# Lost a cotter pin!



## MFreund (May 2, 2008)

I put my 72" MMM back on my 4310 after some very hard loader work. I made a few passes and went to lift up the deck and it did not lift. I thought what the heck so I pushed the lever down. I then felt the floor raise up under my left heel and said oh s**t. I drove to the garage and climbed under it. The pin that connects the hyd cyl to the rock shaft had fallen out. I found the pin on top of the deck with no cotter pin. Problem found!! I asked myself what caused the floor to rise up?
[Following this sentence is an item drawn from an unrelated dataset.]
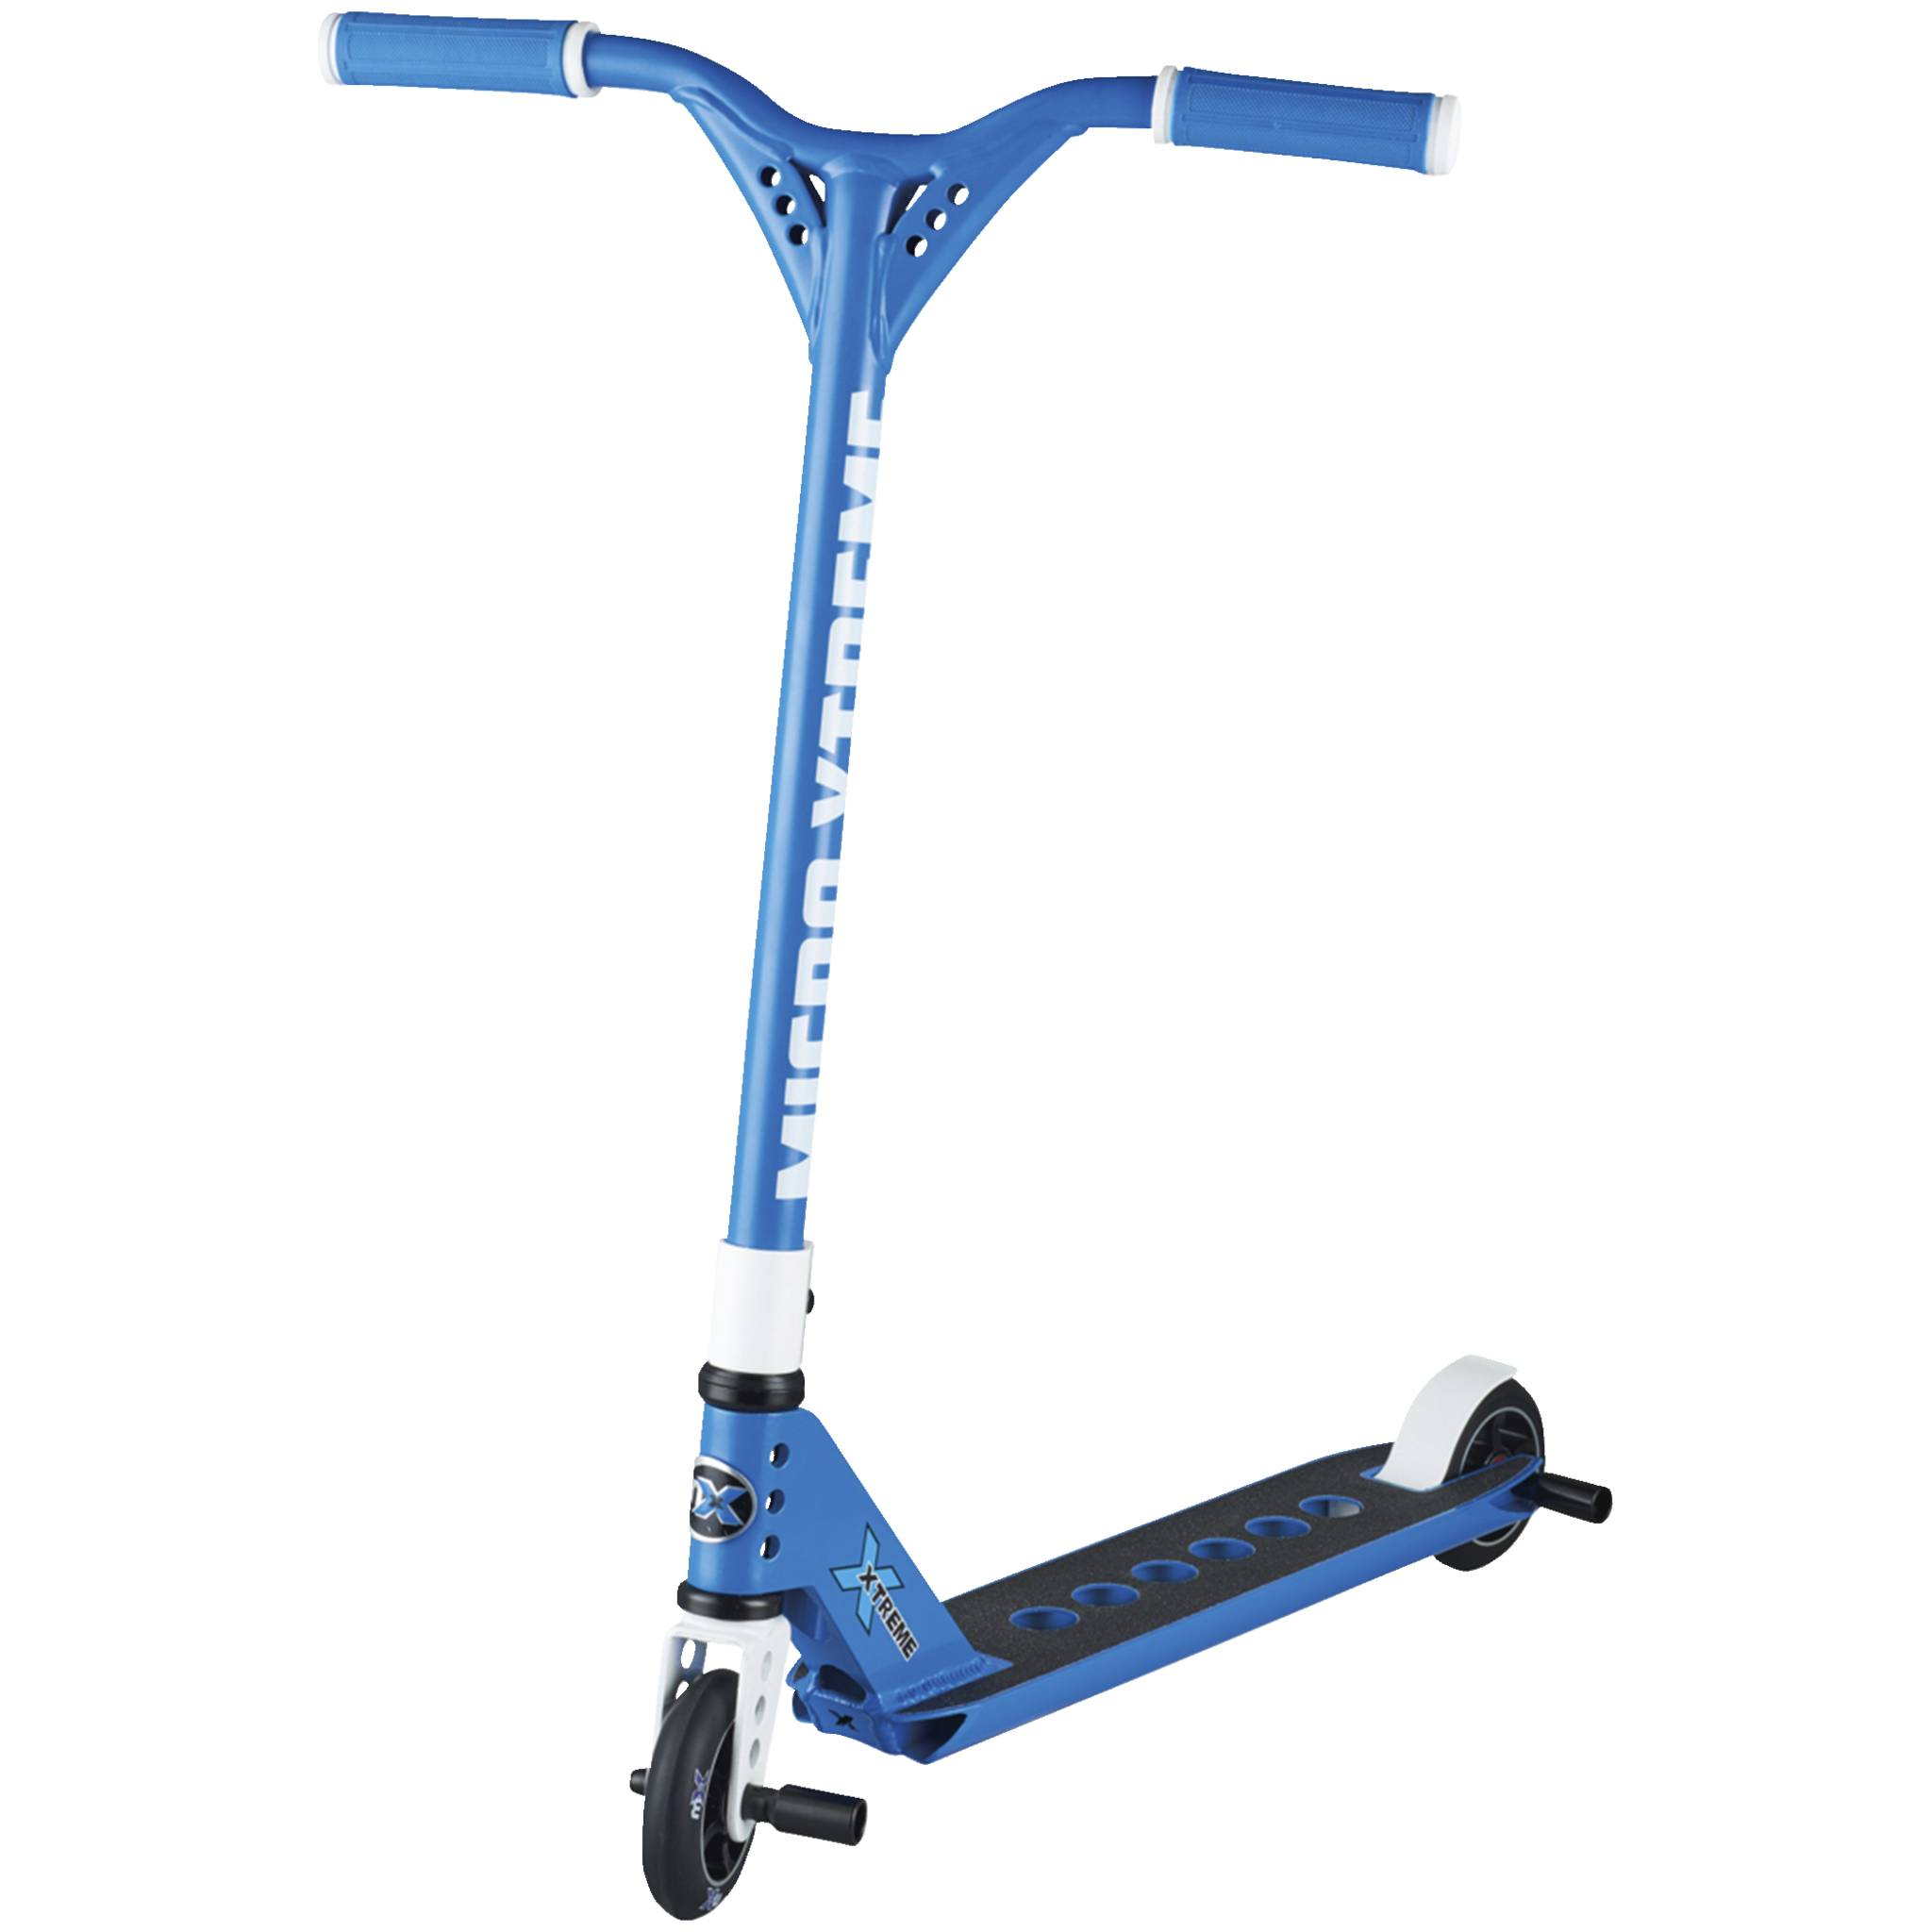 Micro MX Trixx 2.0, triksesparkesykkel

The hyd cyl had pushed the 1 1/4 dia rock shaft about 3/4" forward and sheared the bolt on the rear floor board mount off and broke the top two out of the transmission/axle casting. Looks like I will be busy this afternoon! I took the floor board off and got a good look and that seemed to be all the damage. I took a left handed drill bit and the sheared bolt backed out almost instantly. The floor board casting was streached about half a bolt hole, so I took the trusty die grinder and made the hole longer and when I bolted it back up the top two bolts seemed to tighten up even though half of the bolt holes were broke out! I took JB Weld and put the top halves of the castings back on after tightening as much as I dared. Tractor fixed, now on the the rock shaft. When I took the rock shaft off I noticed the left side was missing the bushing, when someone installed the mid PTO they put the bushing cap on backward and that allowed the bushing to "walk" out. RTFM I was not lucky enough to find it. I have a great neighbor who recycles concrete and thought "I wonder how big his hydraulic press is". The answer is big enough, 20 ton press is big enough to straighten a 1 1/2" steel rockshaft. So far the repairs are holding and I only have $27.50 for two new bushings. Any other ideas for repair on the casting other than JB weld? The moral: When a 2 cent cotter pin falls out it causes a million $ headache!!!


----------